Javier Munoz, MD: No financial relationships to disclose
Introduction: Paragangliomas are rare neuroendocrine tumors that arise from parasympathetic or sympathetic ganglia. Since that initial report, just over 50 cases have been documented in the literature, highlighting the extreme rarity of this entity. Radiographically, these tumors are typically well-circumscribed, hypoechoic, and hypervascular, measuring between 1.8 and 3.0 cm. Fine-needle aspiration findings are often nonspecific, frequently demonstrating loosely cohesive epithelioid cells with clear-to-eosinophilic cytoplasm. Despite their often indolent clinical presentation and lack of symptoms related to catecholamine excess, thyroid paragangliomas are considered locally aggressive and may invade surrounding structures.

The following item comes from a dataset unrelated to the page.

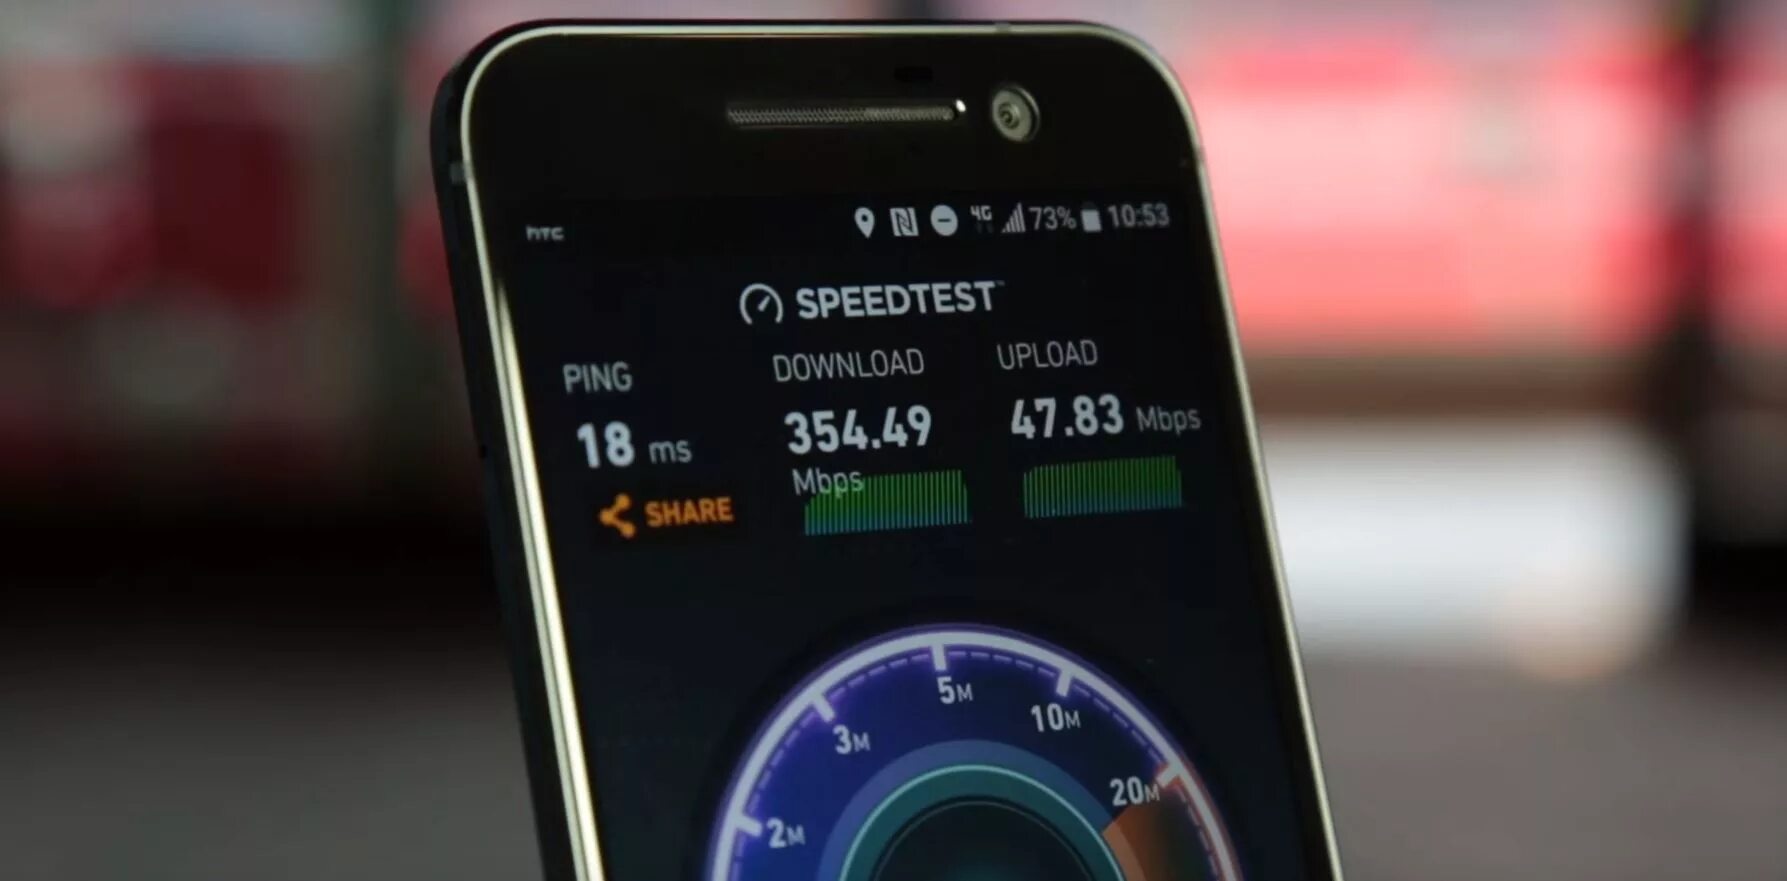 Хороший интернет 4g. Mobile 4g/5g модем. Скоростной мобильный интернет. Режим 4g+. Частный дом Speedtest.

Hospital course: The patient is a 57-year-old male who with an incidentally discovered thyroid nodule on a CT chest scan following a skiing accident, with subsequent ultrasound revealing a well-circumscribed solid nodule measuring 2.4 cm in the thyroid isthmus. The nodule had characteristics consistent with TR 4, indicating the need for further evaluation with fine-needle aspiration (FNA). The patient's thyroid-stimulating hormone level was within normal limits at 1.84 mIU/L. Notably, there was no history of radiation exposure to the head or neck, no familial thyroid disease, and no symptoms related to swallowing, speech, or breathing. He underwent FNA which showed follicular cells with nuclear enlargement suspicious for thyroid cancer. Following the FNA, the patient was referred to ENT for surgery and underwent a thyroid isthmusectomy. Intra-operatively a superior isthmus thyroid nodule located within the pyramidal lobe was resected. The pathology confirmed the presence of a paraganglioma (2.0 cm) within the excised tissue. The surgical margins were negative for the tumor, suggesting complete resection.
Conclusion: Immunohistochemical staining is essential for establishing the diagnosis of thyroid paragangliomas. Thyroid paragangliomas are exceedingly rare and frequently misdiagnosed as thyroid carcinoma, in part because several key immunohistochemical stains are not routinely performed during standard thyroid nodule evaluation. Accurate diagnosis is clinically significant, as the management of paragangliomas differs substantially from that of primary thyroid cancers with respect to surgical extent, postoperative surveillance, hormone secretion evaluation, and the need for germline mutation screening. Given the extreme rarity of thyroid paraganglioma and its diagnostic similarities to more common thyroid neoplasms, improved recognition of characteristic ultrasound features, combined with identification of patients at increased genetic or clinical risk for paraganglioma, may allow for more targeted use of immunohistochemical testing in selected cases and ultimately increase diagnostic accuracy.